Skin patch delivers insulin in response to hyperglycemia [PreClinical]

1. Glucose-responsive vesicles (GRVs), nanoscale polymer spheres loaded with glucose oxidase (GOx) enzyme, released insulin cargo in response to hyperglycemic conditions in vitro.

2. In a mouse model of type 1 diabetes, GRVs were delivered transcutaneously via polymer microneedle (MN)-array patches and normalized blood glucose levels over several hours without risk of hypoglycemia.

Evidence Rating Level: 2 (Good)

Study Rundown: Diabetes, characterized by the inability of insulin to effectively break down glucose in the blood, affects hundreds of millions of people worldwide, with numbers increasing due to rising rates of obesity. Treatment usually involves painful needle pricks to measure blood glucose levels and insulin injections to treat hyperglycemia. An alternative therapeutic approach is a closed-loop system that can both monitor blood glucose concentrations and deliver insulin as needed.
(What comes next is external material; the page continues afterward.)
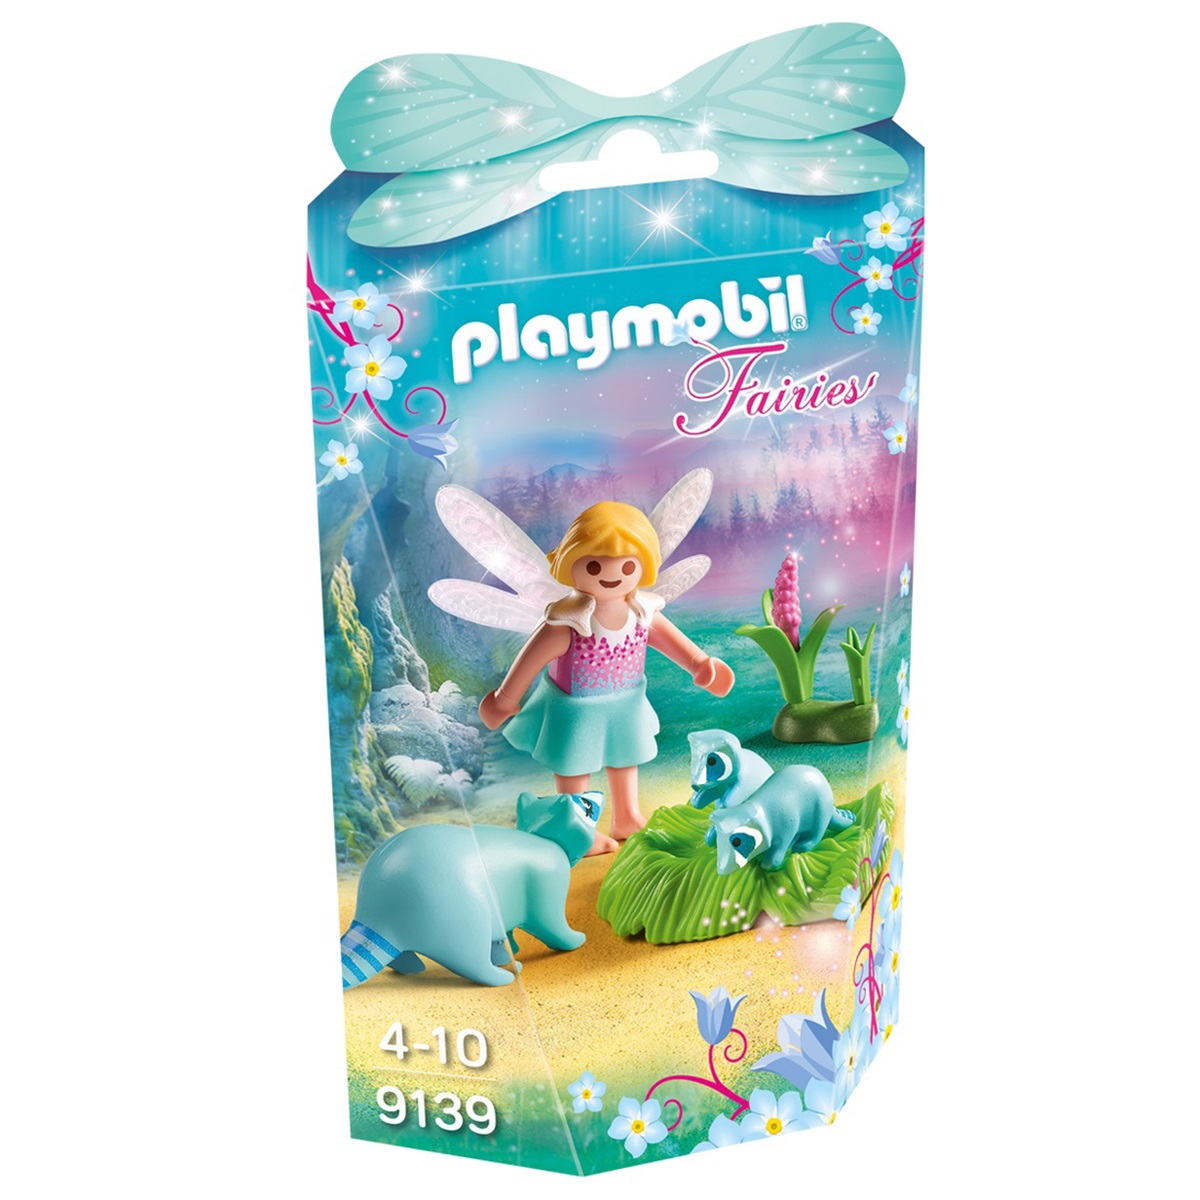 Playmobil Конструктор Девочка-фея с енотами 9139pm - фото 1

Researchers in this study engineered GRVs, GOx and insulin molecules encapsulated in a biocompatible polymer shell that dissolves in oxygen-limited conditions. GOx was used as a sensor and trigger for insulin release because its enzymatic reaction with glucose consumes oxygen. Incubating GRVs in hyperglycemic conditions (HG) led to decreased oxygen concentrations. This was followed by a drastic reduction in GRV diameter and significantly higher insulin release as compared to incubation in normal glucose concentrations (NG), suggesting GRV disintegration. In a mouse model of type 1 diabetes, treatment with GRV-loaded MN-array patches resulted in prolonged lowered blood glucose levels as compared to treatment with MN-array patches containing free insulin. Serial administration of two lower-dose GRV-loaded patches was similarly effective without inducing hypoglycemia. In contrast, animals were at risk for hypoglycemia when treated with a GRV-loaded patch followed by an insulin-loaded patch.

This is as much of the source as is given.